Precious is the name of the main character, played by Gabourey Sidibe. Rarely does a film tackle so many issues at one time. With this movie, you find yourself confronted with a girl whose life seems to have the worst imaginable things thrown at it at once. She is habitually raped by her own father. Her mother is not only aware of it, but even encourages it. Precious is pregnant with her second child from her father. The first child is mentally handicapped, a product of the incestuous violation. She is verbally, emotionally, and physically abused by her mother. Precious is uneducated and illiterate. She then learns that her drug addict father passed HIV to her. In other words, every bad thing seems to happen to Precious. Yet Precious battles through it all, leaving the audience emotionally drained and heavy. The neighborhood of Harlem is portrayed as a hard environment with very little room for light and hope. Precious appears to find hope nonetheless.

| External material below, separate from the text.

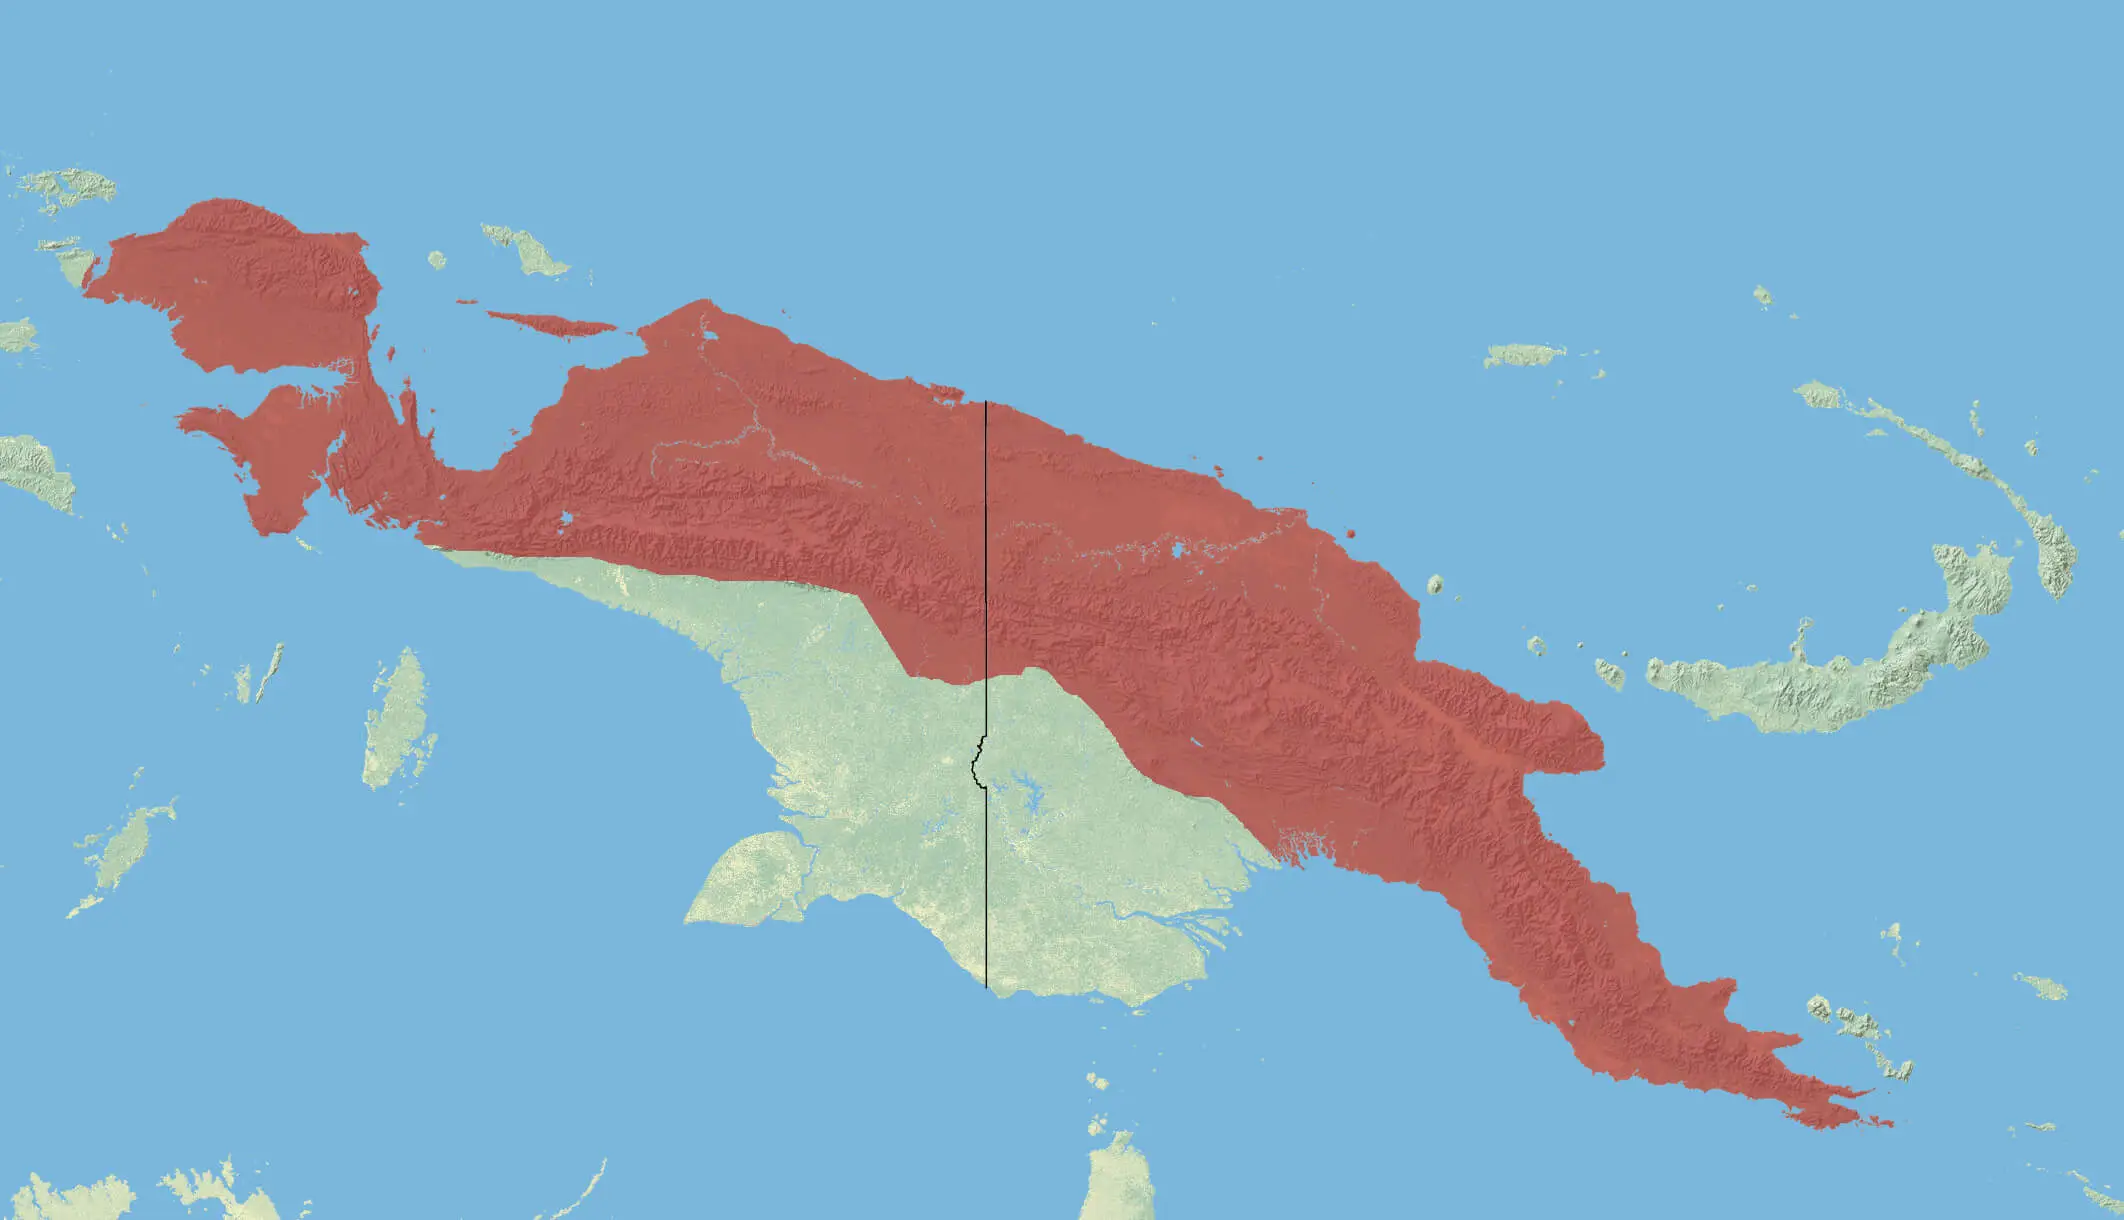 New Guinean quoll habitat map

If Precious represents all the unlikely tragedies befalling one person, then A Serious Man represents all the common and mundane falling upon one man at one time. Save for the uniquely Jewish themes of the movie, this is a movie of mundane things building up and troubling a man no matter what his ethnicity. It equally touches the viewer in an emotional way, though in a different manner. The movie tells the story of Larry, a professor at a Jewish college in Minnesota. His wife leaves him for a male friend, his daughter steals money from him, and his son smokes too much marijuana. He moves into a motel with his brother. A former student bribes him for a passing grade, his tenure is placed in jeopardy with anonymous defamatory letters about him sent to the committee, and he enters deeper into a state of detachment and brooding.
With satellite TV, you can watch these and the other eight movies nominated for Best Picture at the 2010 Academy Awards. While a theater will offer you stadium seating and overpriced drinks and candy, satellite TV will deliver the movies to you as you eat a home-cooked meal in your favorite recliner.